An unusual three-way race is underway among a group of young Democrats seeking the reliably Republican congressional seat held by a seven-term incumbent in northwest Ohio.
Even though Democrats are extremely unlikely to flip the largely rural and sprawling 5th Congressional District, Rep. Bob Latta (R., Bowling Green) has been attracting motivated Democratic challengers from the district’s more liberal communities in Lucas and Wood counties.
Latta’s neighboring colleague, Rep. Jim Jordan (R., Urbana), also has three Democrats in his district vying to win the March 17 primary for the chance to face him in November. But Jordan, a staunch defender of President Trump, is a much more visible and polarizing figure compared to Latta, who supports Trump but doesn’t have a high-profile role within the party.
Amid the impeachment battle centering on Trump, Latta spent 2019 promoting bills to combat nuisance robocalls and improve internet access in rural communities, and both passed this month in the House.
Still, Latta has drawn several Democratic opponents, all political newcomers, talking about issues affecting workers and the agricultural communities where Trump ran up large margins in 2016.
The Democrats competing in the 5th District primary are Nick Rubando, a 32-year-old from Bowling Green who works for Metroparks Toledo as a cultural programmer; M. Xavier Carrigan, a 42-year-old truck driver from North Baltimore; and Gene Redinger, a 26-year-old from Bryan whom The Blade could not immediately reach.
Last year, Latta faced Michael Galbraith, a professor and investment-fund manager from Maumee, who lost by 77,000 votes.
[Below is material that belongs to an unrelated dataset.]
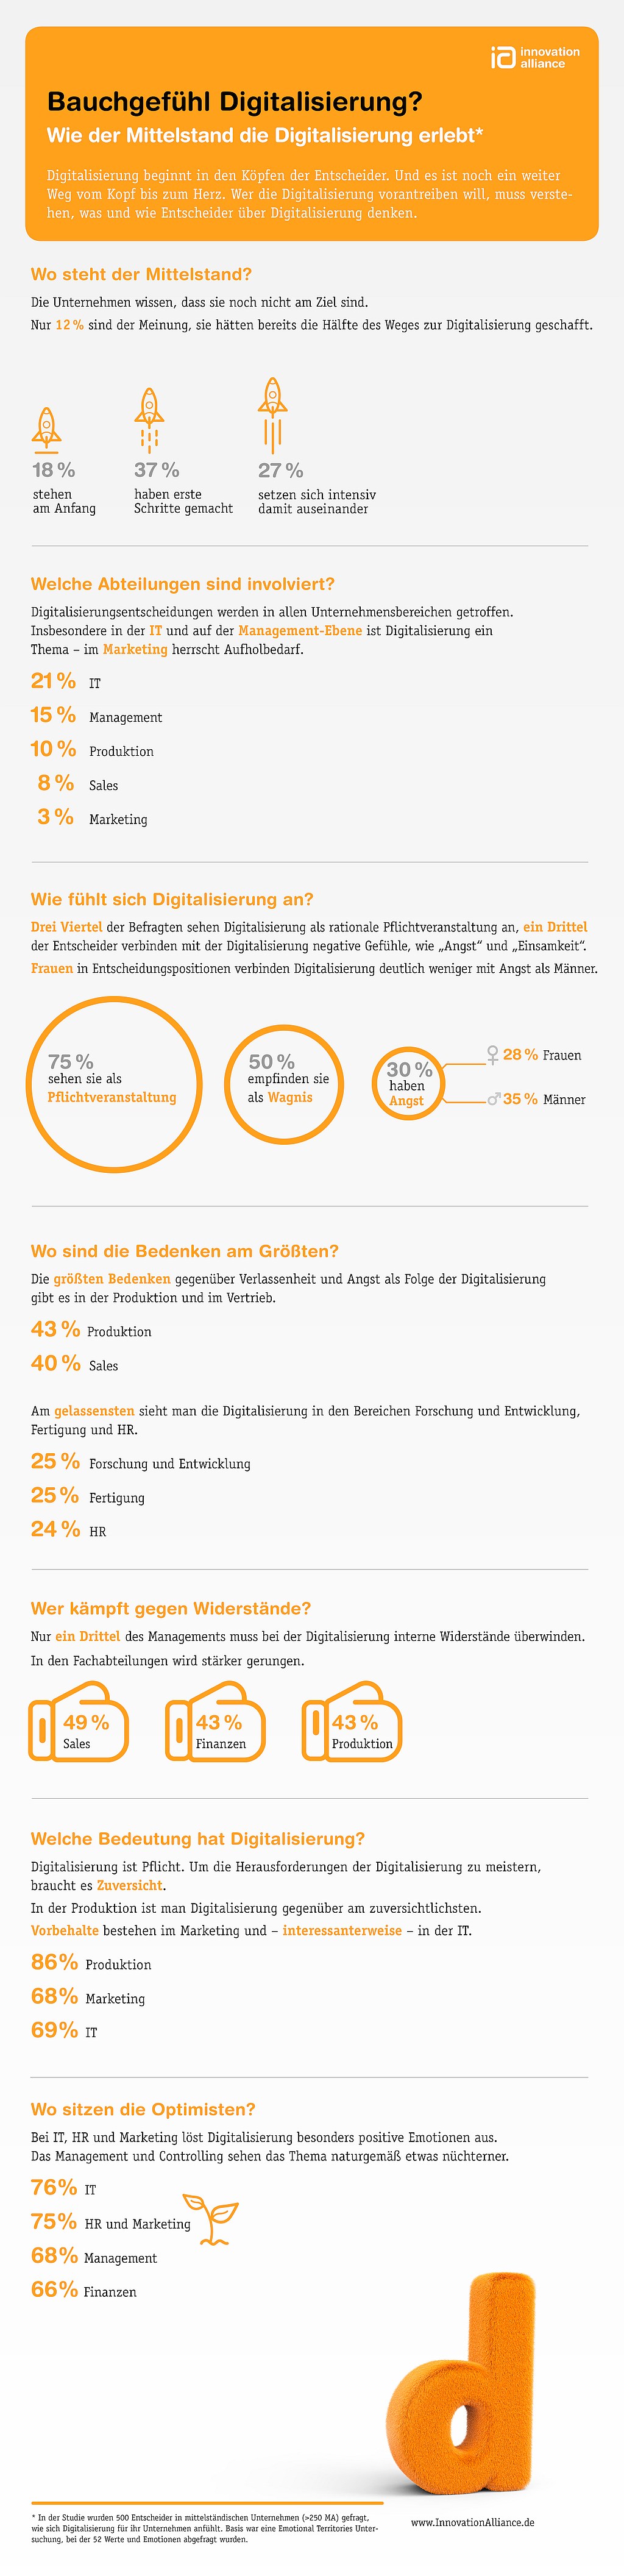 infografik innovation alliance Bauchgefuehl-Digitalisierung

The 2016 race between Latta and Perrysburg UAW member James Neu, Jr., was also a blowout.
“I’m under no illusion that this is going to be an easy race,” said Rubando, who received the local party endorsement in Lucas County.
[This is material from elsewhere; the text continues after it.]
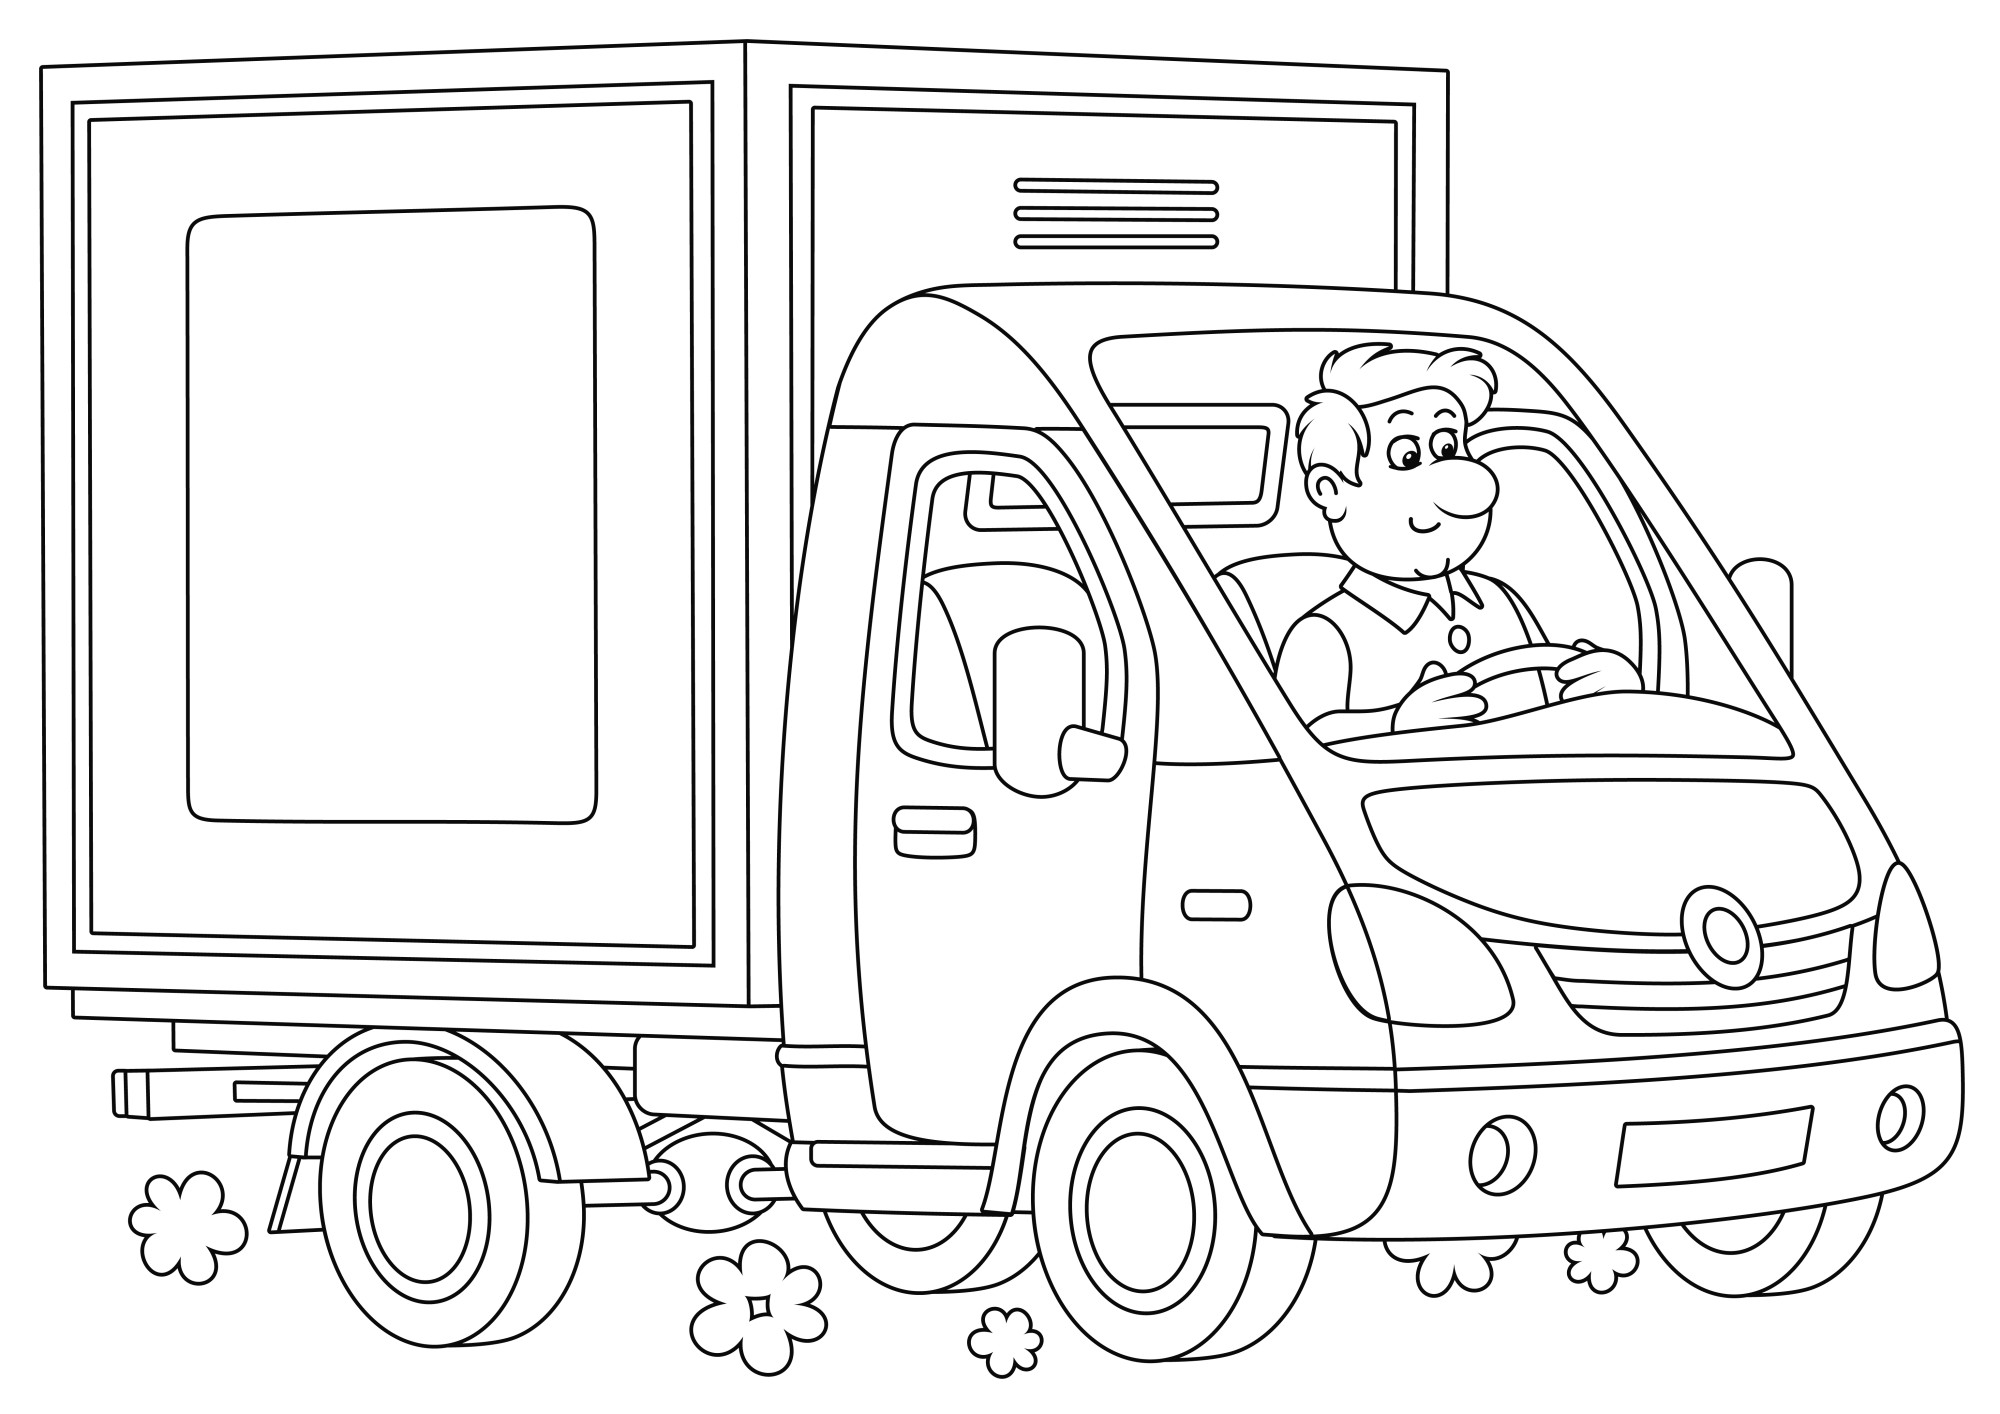 Раскраска для детей: грузовик с водителем

People warned Rubando before entering: “They said, ‘The district’s too gerrymandered. He’s got too much money. You’ll never win.’ … I thought that was crazy,” he said.
The 5th District has long been a safe seat for Republicans, who have held it since 1939. It’s also part of a political dynasty. Latta’s father, Delbert Latta, held the seat from 1959 to 1989; Bob Latta took it over in a 2007 special election.
The district includes all or part of 14 counties extending from Lucas County to the Indiana border. Trump won it with 60 percent of votes.
“The only way we can win the 5th District is if we engage with and embrace the Republicans,” said Carrigan, who noted he’s a former Republican. “If you talk to the Republicans, the race [for Mr. Latta] is already lost.”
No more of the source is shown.